Secretary-General George Robertson welcomed vigorous efforts to strengthen and establish relationships in the region in the face of the common terror threat as an important extension of NATO's 53-year alliance.
"North America, Europe and Central Asia are now part of a political community that is unprecedented in its breadth, in its inclusiveness and in its capacity to work together," Robertson said on the last day of a NATO foreign ministers' meeting in the Icelandic capital.
Fostering those relationships, NATO foreign ministers met with 46 nations, many from the old Soviet sphere of influence, to assess closer cooperation in the face of shared threats. They also met with 10 eastern European candidates hoping to receive an invitation to join during a special summit in Prague in November.
And on the sidelines, the foreign ministers Turkey, Azerbaijan and Armenia met for the first time, acknowledging the importance of resolving regional conflicts to enhance stability. They pledged further talks.
Addressing a meeting of the 19 alliance members, 10 candidate nations and 17 other countries ranging from Albania to Ireland and Uzbekistan, Robertson urged the foreign ministers not to squander the unprecedented sense of common purpose that has prevailed since the Sept. 11 terror attacks in the United States.
"In the face of new threats, one of our strongest weapons has been our new relationships," he said.
Indeed, a spirit of solidarity pervaded the two days of meetings.
Declaring the Cold War over, Secretary of State Colin Powell and his NATO nation counterparts forged a new partnership to fight terrorism, control arms and manage crises in the wake of the Sept. 11 attacks on the United States.
Their agreement to set up a NATO-Russia Council came a day after Washington and Moscow announced a pact to slash their strategic nuclear arsenals by two-thirds, and on the same day as the U.N. Security Council, ending an 18-month standoff between Russia and the West, adopted a major overhaul of sanctions against Iraq.
Closing out the conference, Ukraine welcomed the landmark NATO-Russia agreement to establish a council to combat common security threats.
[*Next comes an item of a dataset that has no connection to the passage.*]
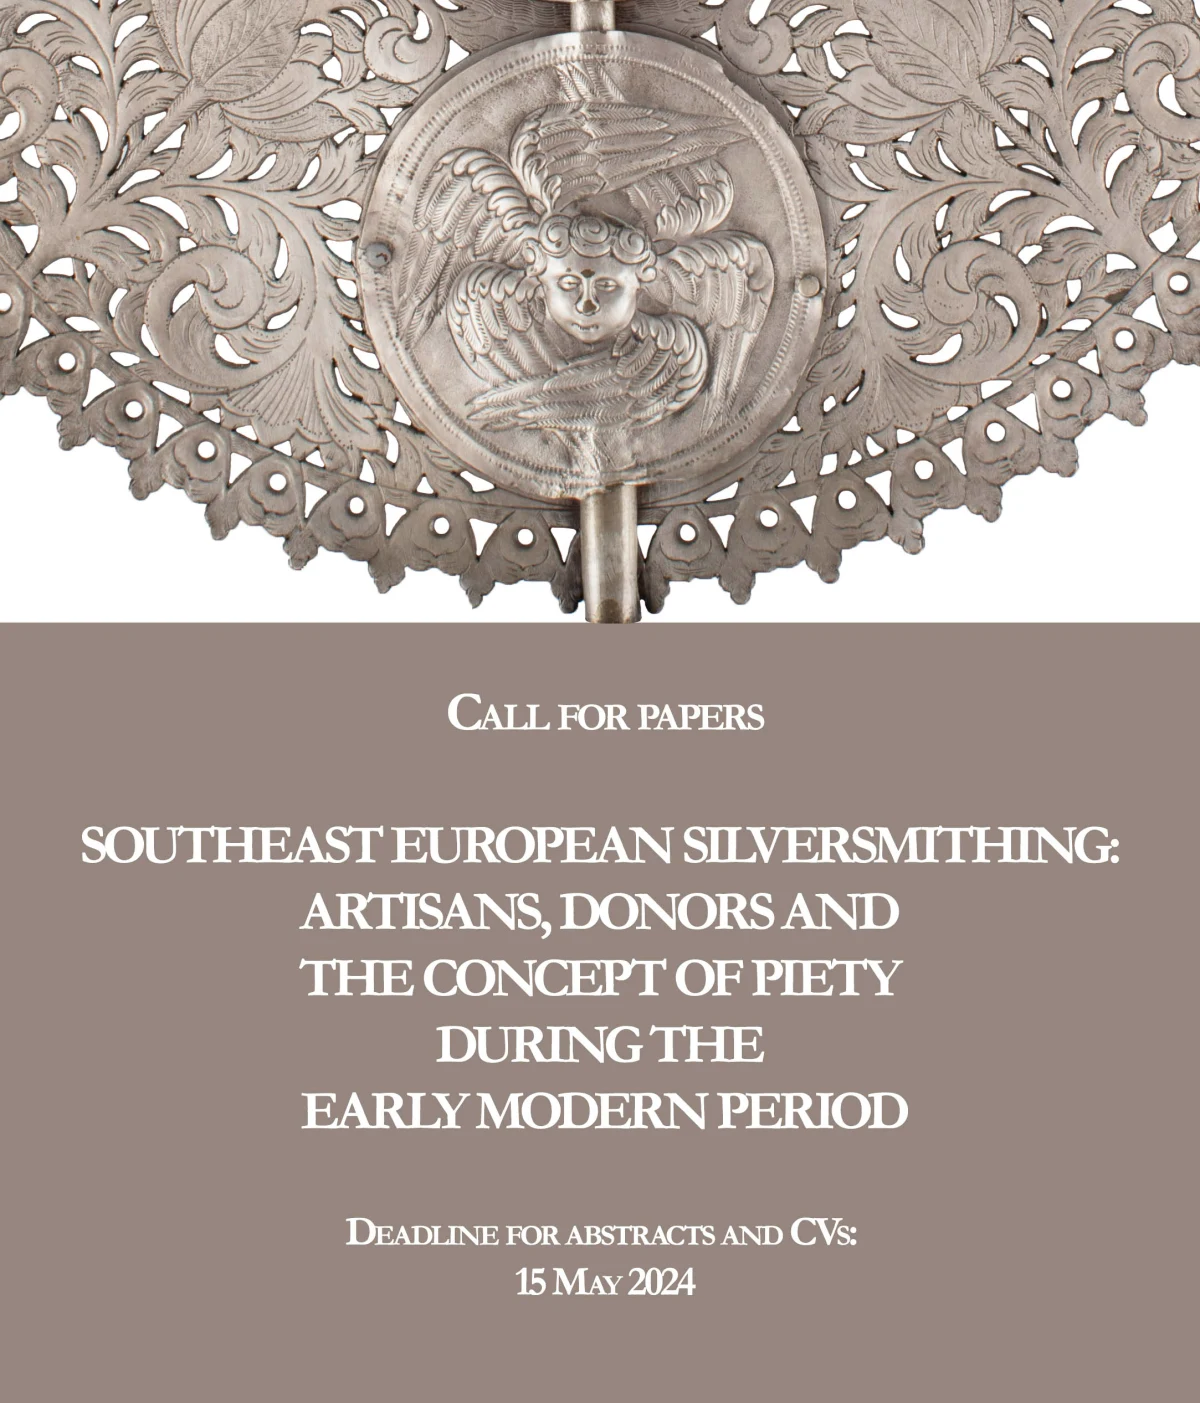 CFP: ‘Southeast European Silversmithing: Artisans, Donors And The Concept Of Piety During The Early Modern Period’, deadline 15 May 2024

It will be signed by U.S. President George W. Bush, his NATO counterparts and Russian President Vladimir Putin during a summit near Rome on May 28.
"It was a good day for NATO, at last," said one diplomat.
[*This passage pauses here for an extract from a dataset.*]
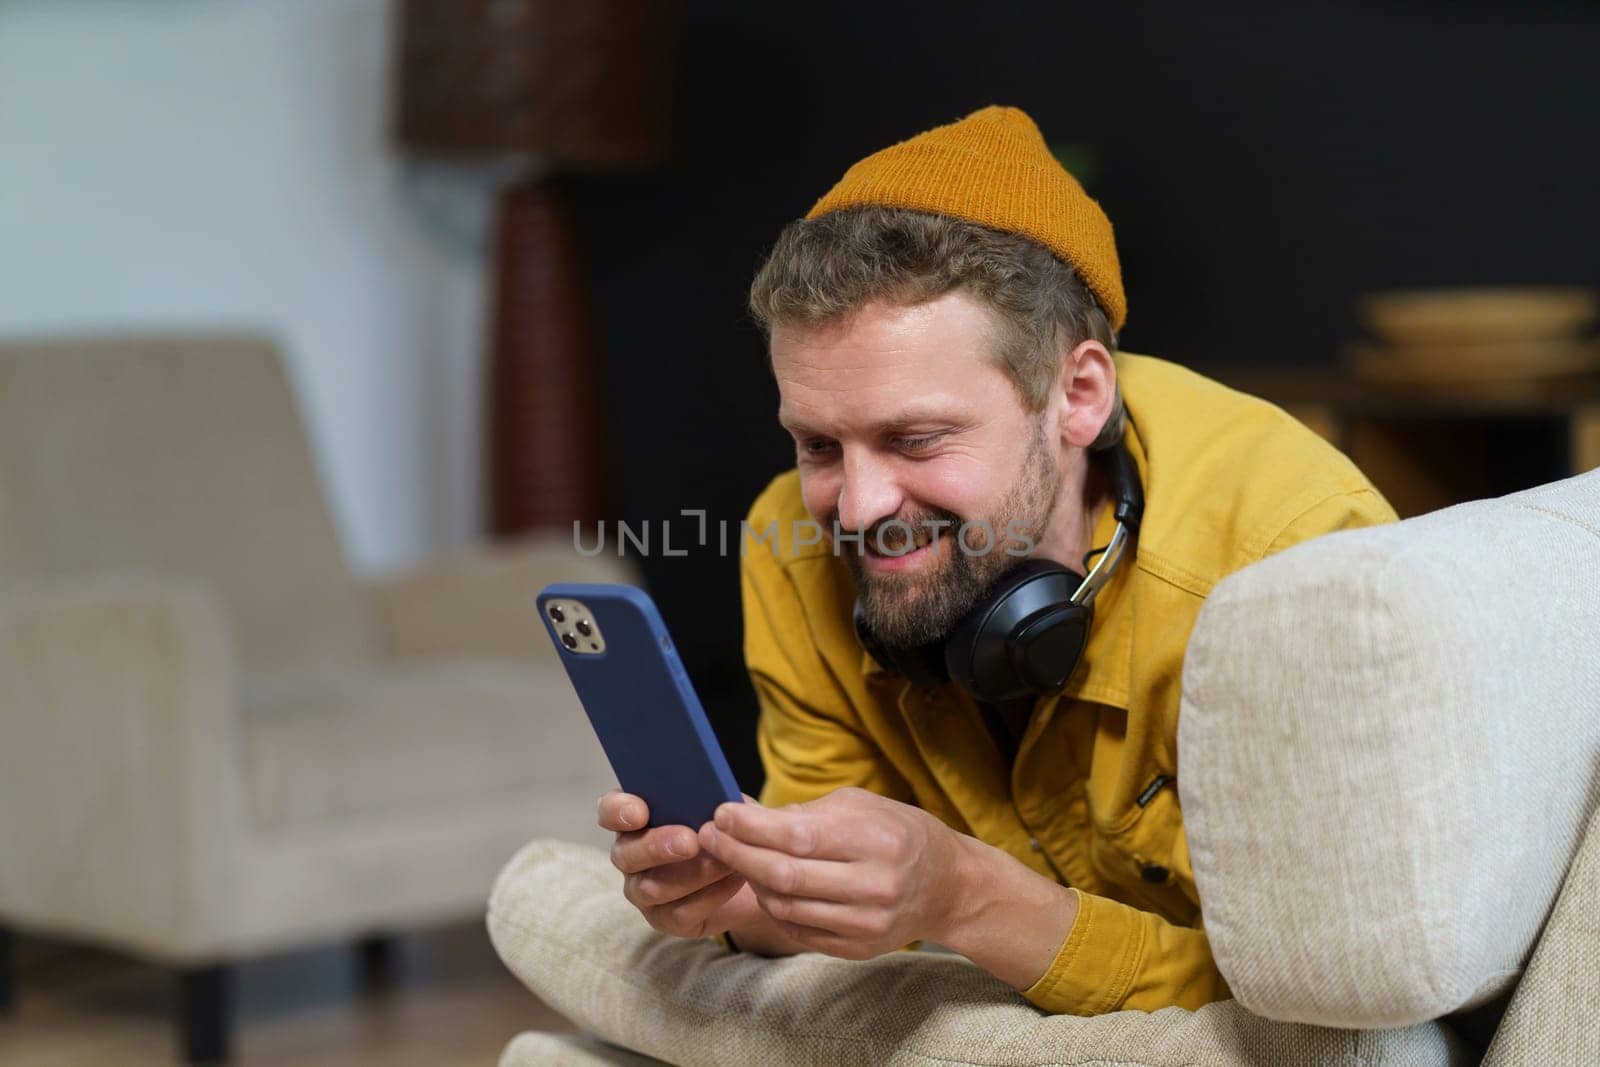 Man in casual spending his leisure time home on sofa, engrossed in phone. He texting someone using messaging app, indicating active communication through digital means. by LipikStockMedia

The transatlantic alliance's continued relevance has been questioned in recent months because it was sidelined in the U.S.-led war on terrorism, with Washington calling on individual allies for limited help in its military campaign in Afghanistan.
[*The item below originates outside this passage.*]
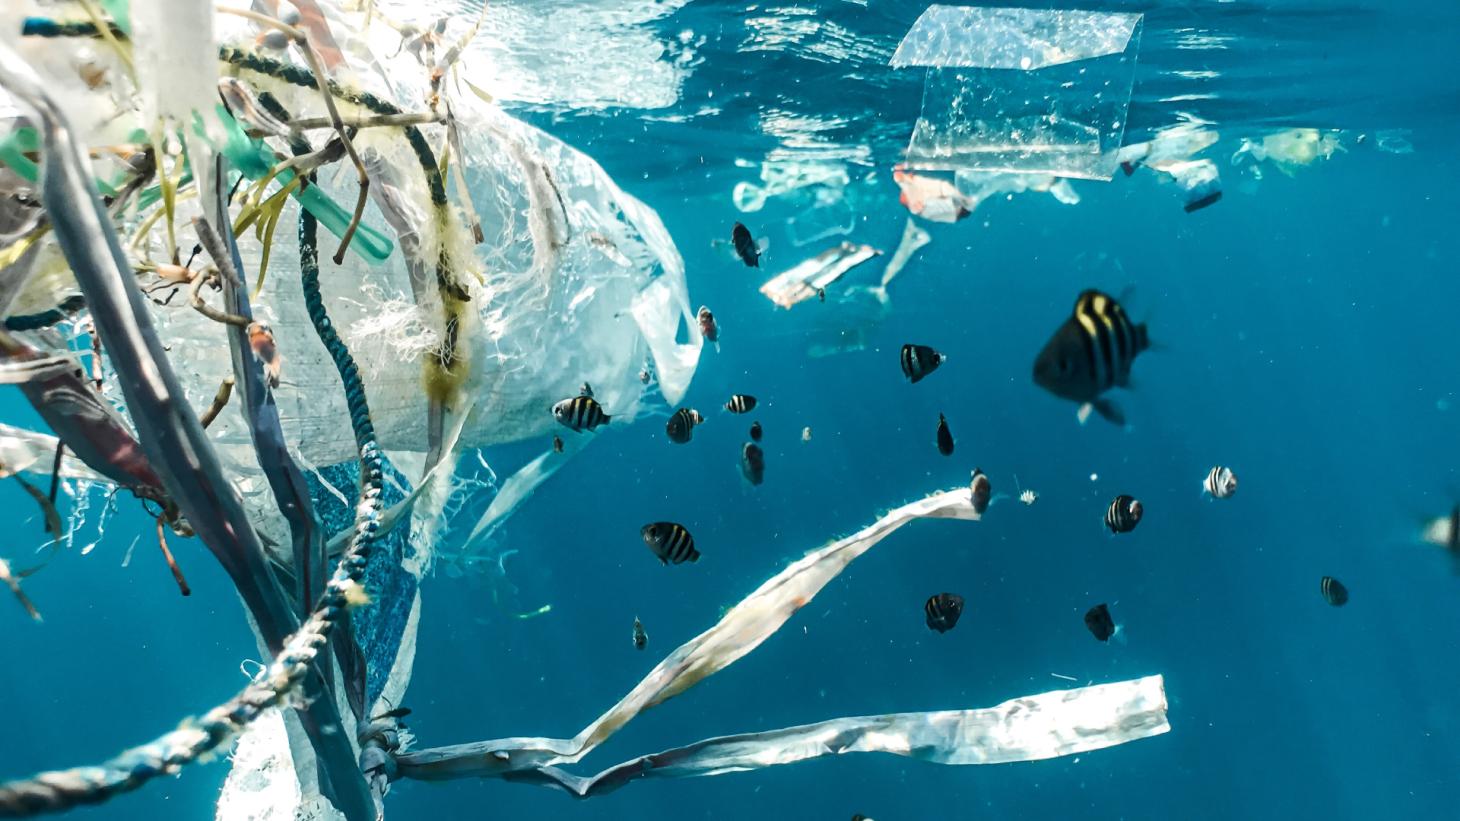 Fish swimming amidst plastic waste in the ocean

"It creates a new favorable situation for my country and for other countries," Ukrainian Foreign Minister Anatoly Zlenko told reporters after meeting with Robertson.
"I hope the strengthening of the relationship between Russia and NATO will strengthen the general security in this region," said Zlenko.
He said NATO and Ukraine, which is part of NATO's Partnership for Peace program but is not a candidate for membership, would continue to seek new areas for cooperation.
Zlenko also met earlier with Powell.